Semakin banyak kandungan air dan tercapainya kondisi optimum reaktif enzim maka semakin tinggi juga kandungan asam lemak bebas pada CPO. Untuk menghindari kondisi ini, maka diperlukan penanganan TBS yang efisien, efektif dan benar. Kadar air pada CPO merupakan penentu parameter standar lain.

Semakin banyak kandungan air pada CPO maka akan mempercepat hidrolisa trigliserida, memberikan kondisi yang baik bagi pertumbuhan mikroba dan mempengaruhi densitas CPO, dan merangsang reaksi kontaminasi lain seperti logam. Oleh karena itu, kadar air pada CPO harus diusahakan sesuai dengan standar (Siahaan, 2008).

Tabel 2.3 Komposisi Asam Lemak Minyak Sawit

Asam lemak Jumlah atom C Minyak sawit (%)

1. Asam lemak jenuh - Oktanoat - Dekanoat - Laurat - Miristat - Palmitat - Stearat

2. Asam lemak tidak jenuh - Oleat - Linoleat 8 10 12 14 16 18 18 18 - - 1 1 – 2 32 – 45 2 – 7 38 – 50 5 – 14 (Sumber : Fauzi, 2008)

Beberapa faktor yang menyebabkan peningkatan kadar ALB yang relatif tinggi dalam minyak sawit antara lain :

a. Pemanenan buah sawit yang tidak tepat waktu.

b. Keterlambatan dalam pengumpulan dan pengangkutan buah.

c. Adanya mikroorganisme (jamur dan bakteri tertentu) yang dapat hidup pada suhu dibawah 50°C.

d. Terjadinya reaksi oksidasi akibat kontak langsung antara minyak dan udara. e. Penumpukan buah yang terlalu lama.

f. Proses hidrolisa selama pemrosesan di pabrik (Tim Penulis, 2000).

Asam lemak bebas (ALB) merupakan asam lemak dalam keadaan bebas dan tidak berikatan lagi dengan gliserol. Asam lemak bebas terbentuk karena terjadinya

reaksi hidrolisis terhadap minyak yang akan menyebabkan ketengikan. Keberadaan ALB menjadi indikator kualitas minyak, semakin tinggi kadar ALB maka mutu minyak akan semakin rendah (Aji, 2010).

Hal-hal yang sering terjadi dan menyebabkan rusaknya kualitas minyak nabati. Oleh karena itu, perlu diperhatikan beberapa hal dalam pelaksanaan penyimpanan produk minyak nabati. Berikut hal-hal yang perlu diperhatikan dalam penyimpanan minyak nabati, yaitu :

a. mencegah kerusakan kualitas akibat oksidasi

Langkah perusakan akibat oksidasi yaitu terbentuknya peroksida. Hal ini dipercepat oleh adanya peningkatan temperatur, desakan oksigen, bertambahnya kepekatan hasil oksidasi, dan katalisator logam oksidator. Sehubungan dengan keadaan tersebut, sangat disarankan melakukan seluruh aktivitas dengan temperatur serendah mungkin. Umumnya, minyak produksi didinginkan sampai temperatur sekitar 50-70°C.

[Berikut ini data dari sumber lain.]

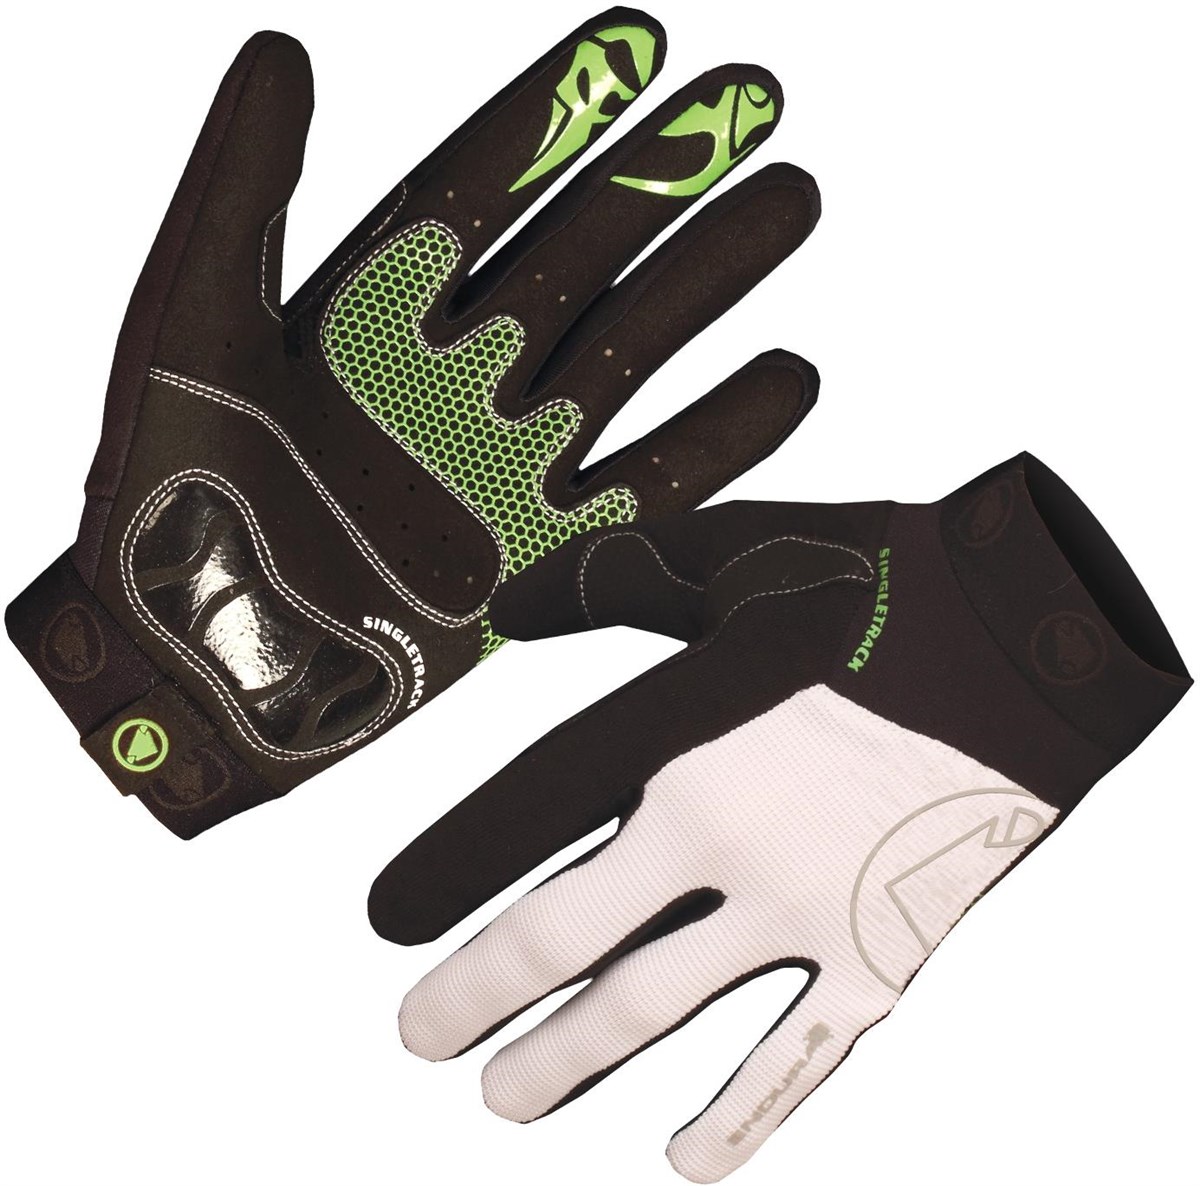 Endura SingleTrack II Long Finger Cycling Gloves product image

b. mencegah kontaminasi oleh air dan kotoran

Kontaminasi oleh air sering disebabkan karena kebocoran pipa uap pemanas dalam tangki timbun. Kadar air yang tinggi dapat mengakibatkan kontaminasi oleh hidrolisis. Kadar kotoran yang tinggi disebabkan oleh kurang bersihnya tangki timbun atau kurang baiknya proses atau peralatan pengolahan.

c. mencegah kontaminasi oleh jasad renik dan hidrolisis

Jasad renik, terutama ragi, jamur, dan beberapa bakteri sering kali menghasilkan enzim lipase. Proses hidrolisis biasa terjadi akibat aktivitas enzim lipase. Untuk mengurangi kegiatan enzim, penimbunan produk dilakukan pada temperatur sekitar 55°C (Pahan, 2006).